#### The data
+-------+

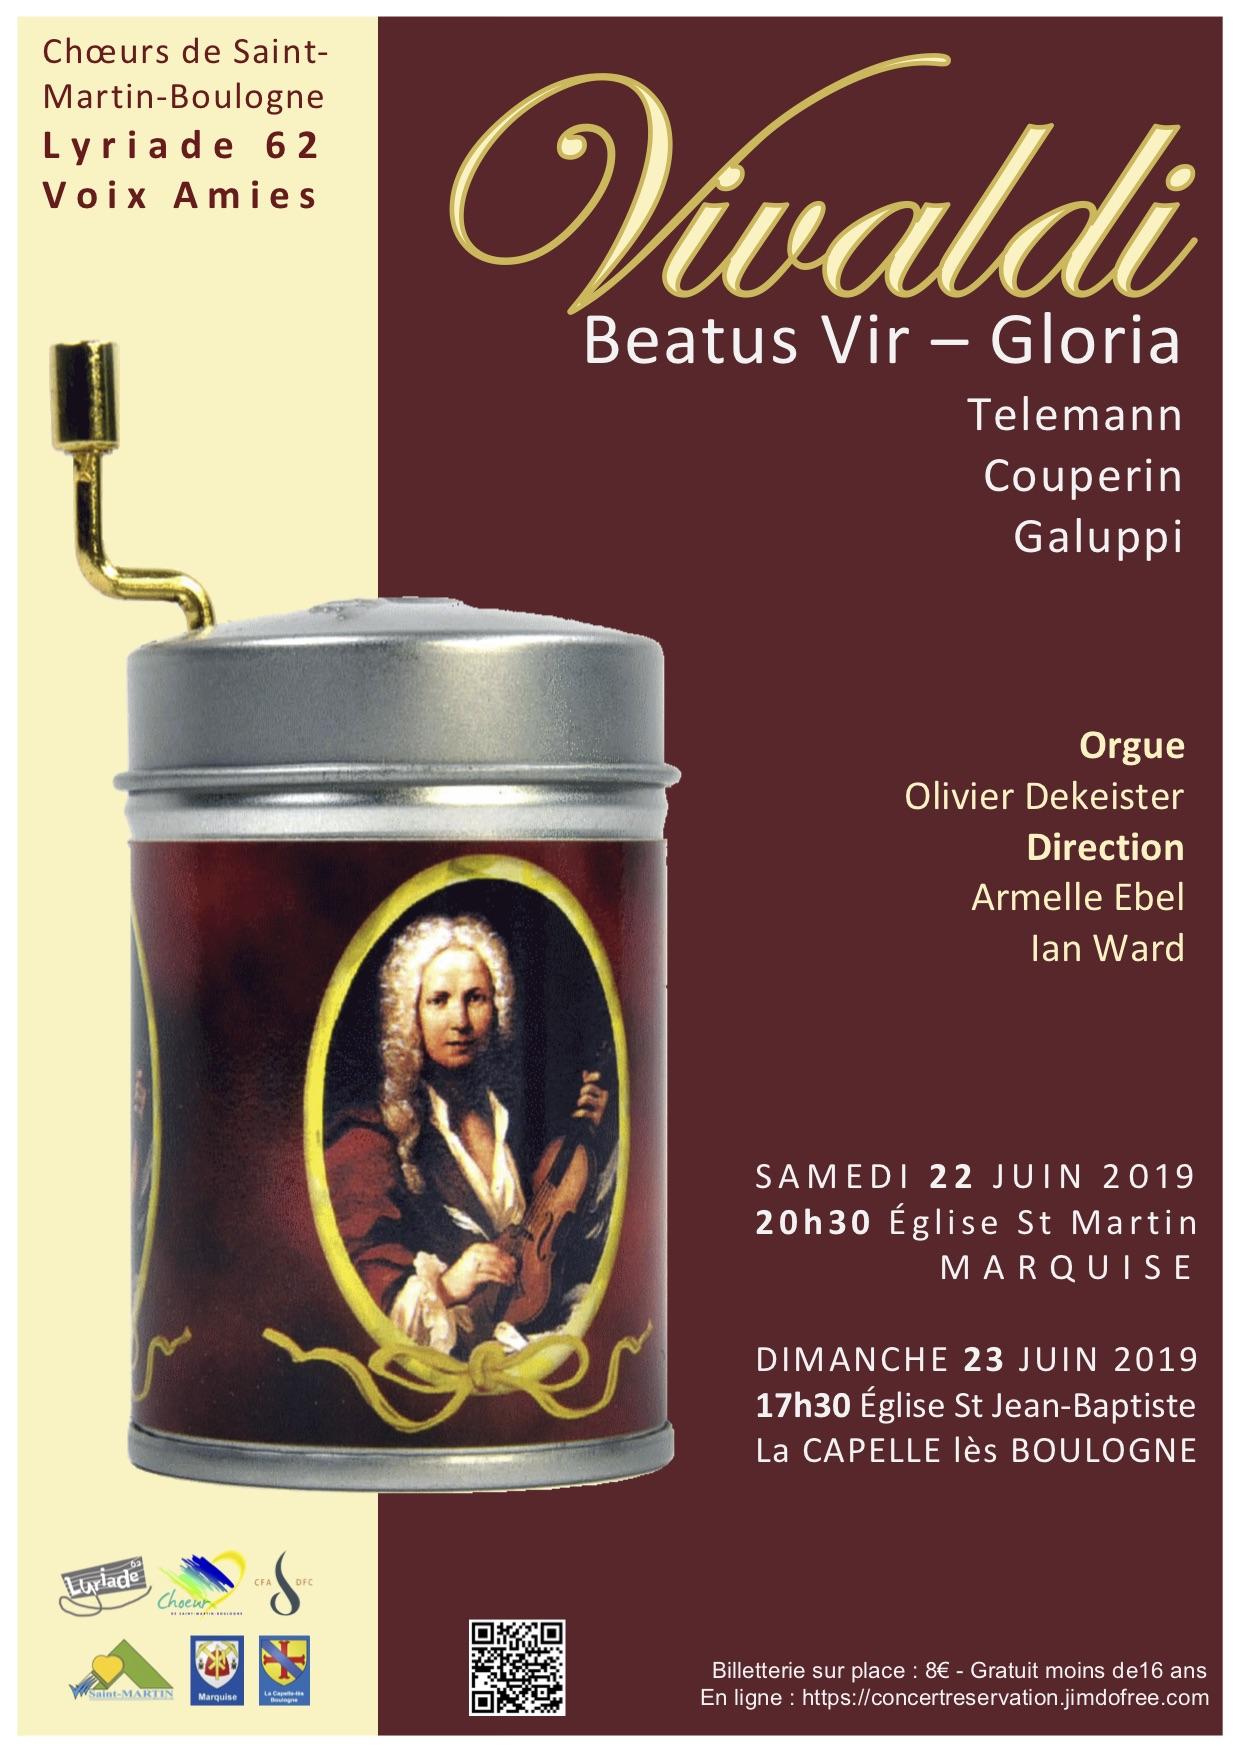 affiche concert vivaldi marquise 19 juin
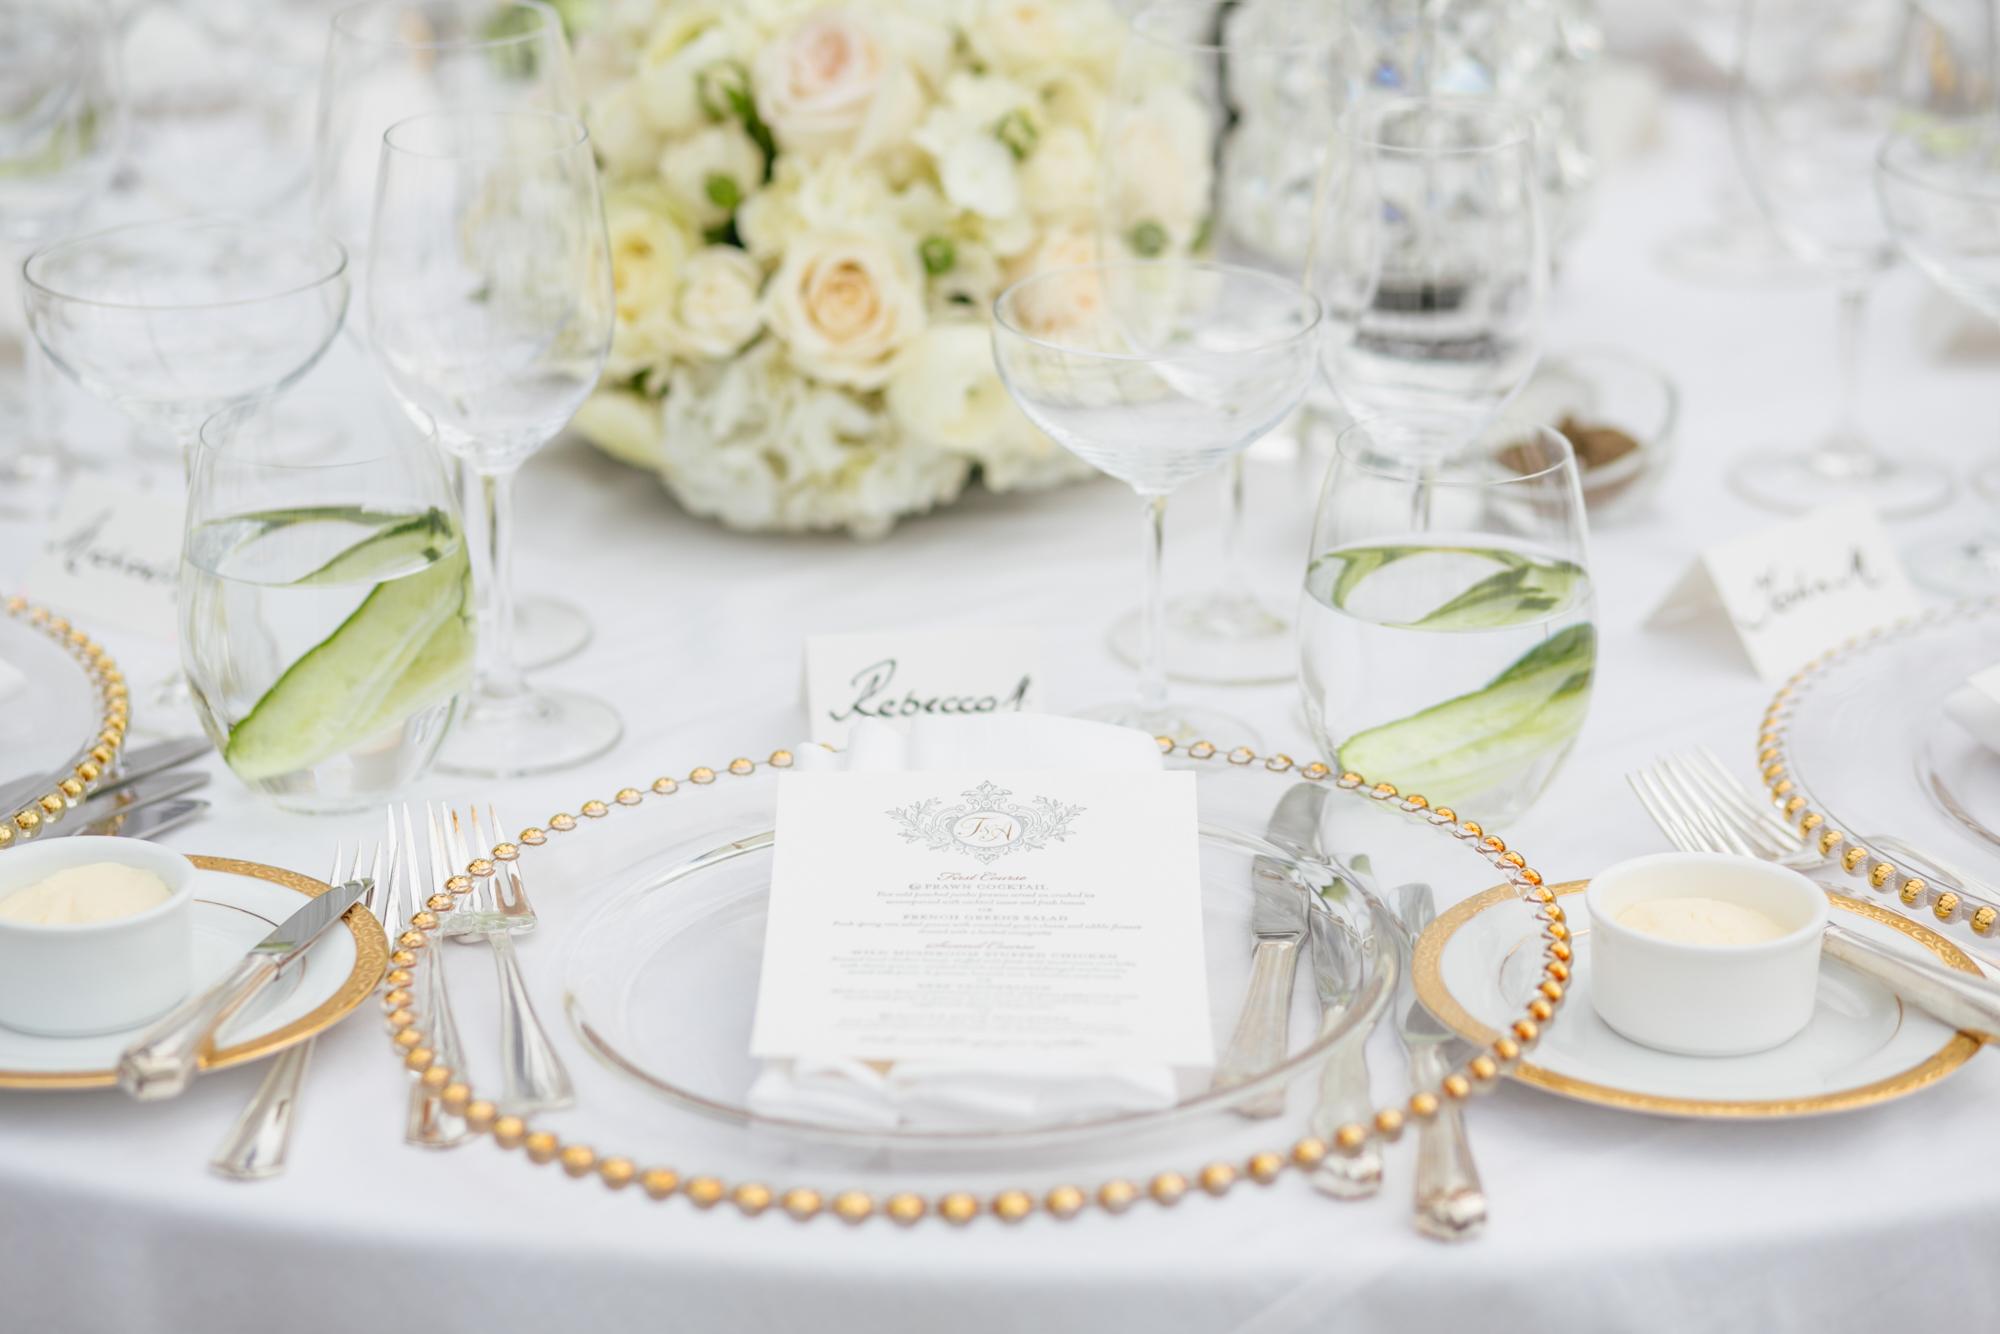 vancouver-luxury-wedding-photographer-lori-miles--22.jpg
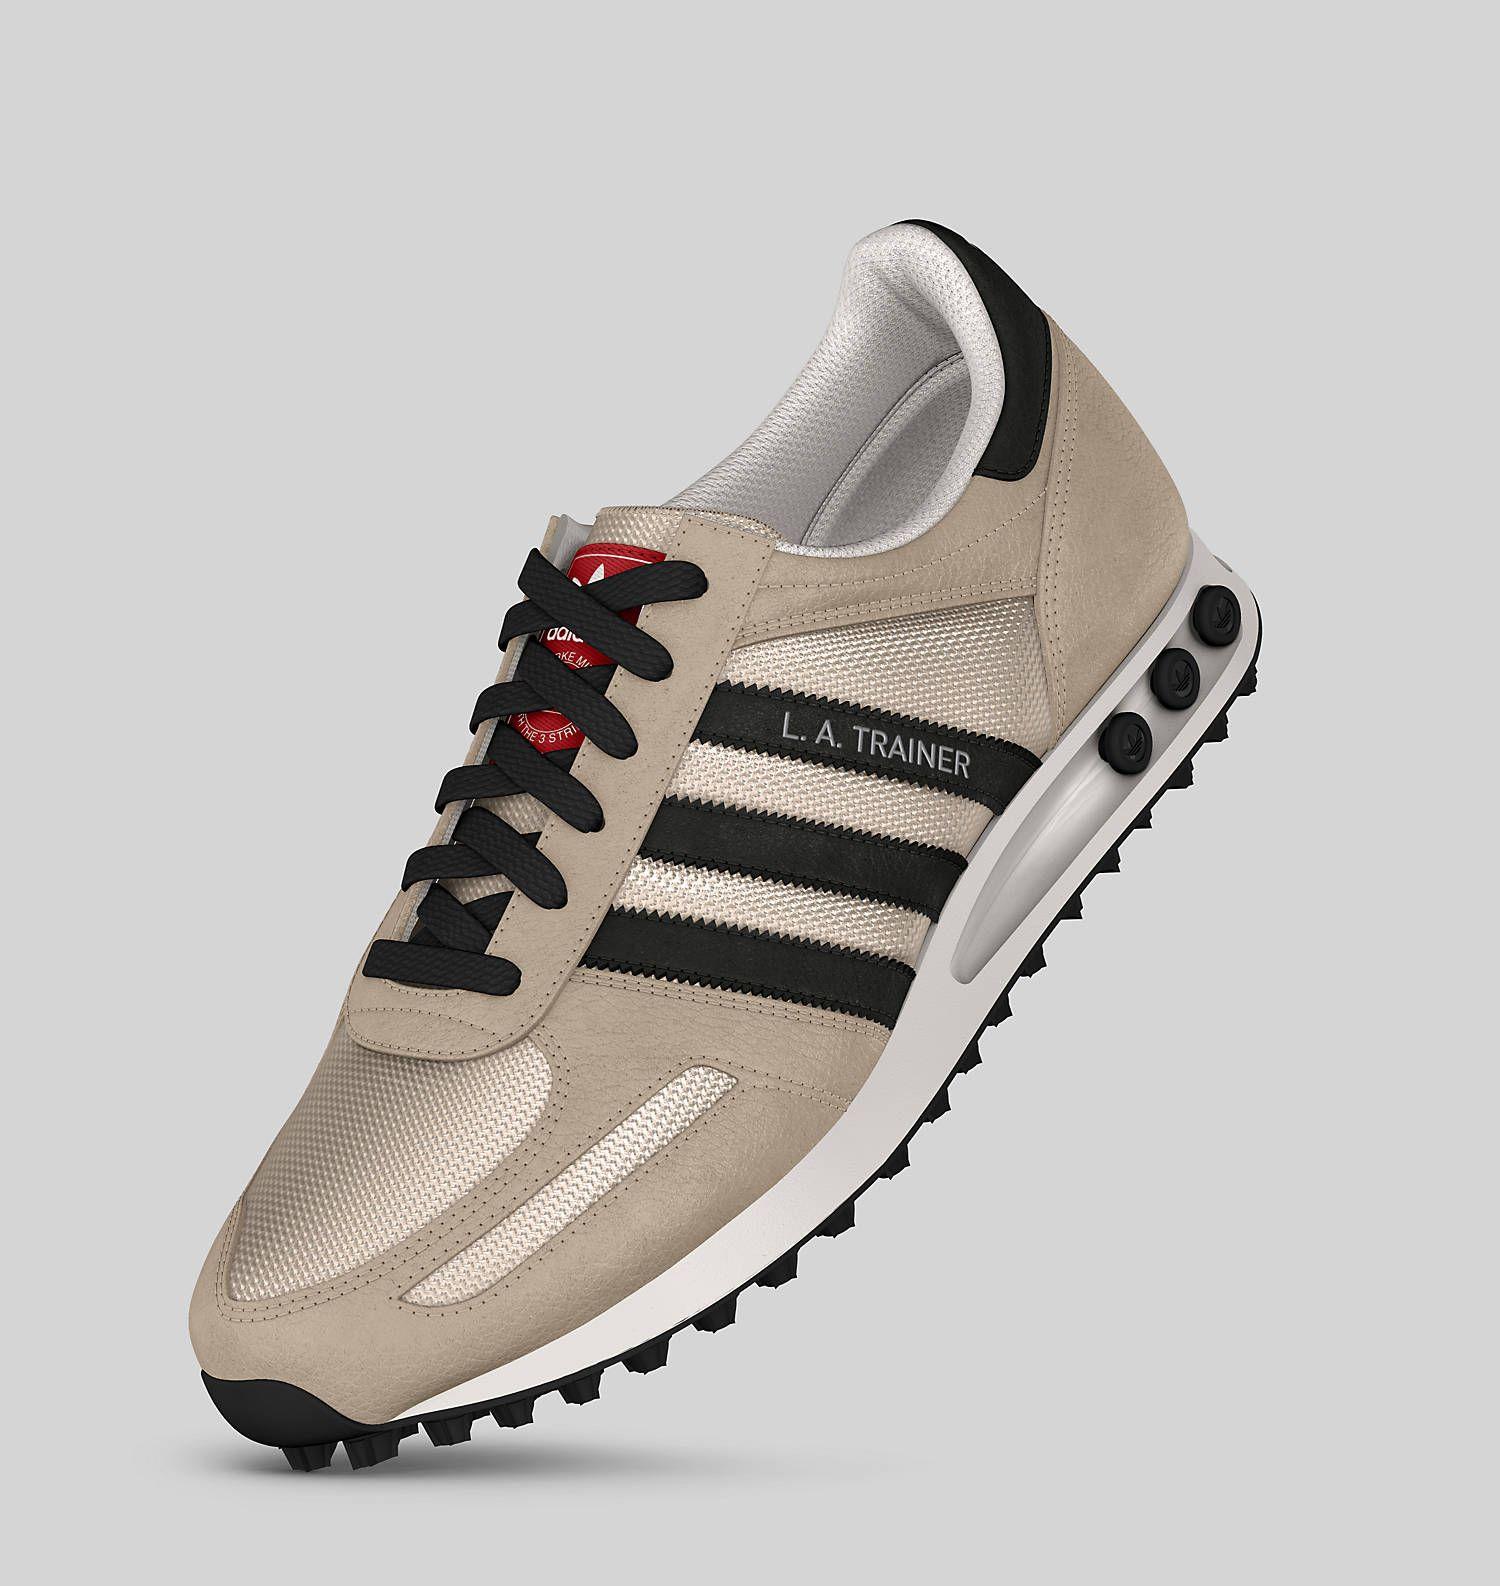 finest selection b0a75 98530 mi LA Trainer Classic  adidas - Mach dein eigenes Design -

+-------+

#### Assigned task
Type out the data above once more, exactly, with no images included.

#### Answer for this exercise
 affiche concert vivaldi marquise 19 juin
 vancouver-luxury-wedding-photographer-lori-miles--22.jpg
 finest selection b0a75 98530 mi LA Trainer Classic  adidas - Mach dein eigenes Design -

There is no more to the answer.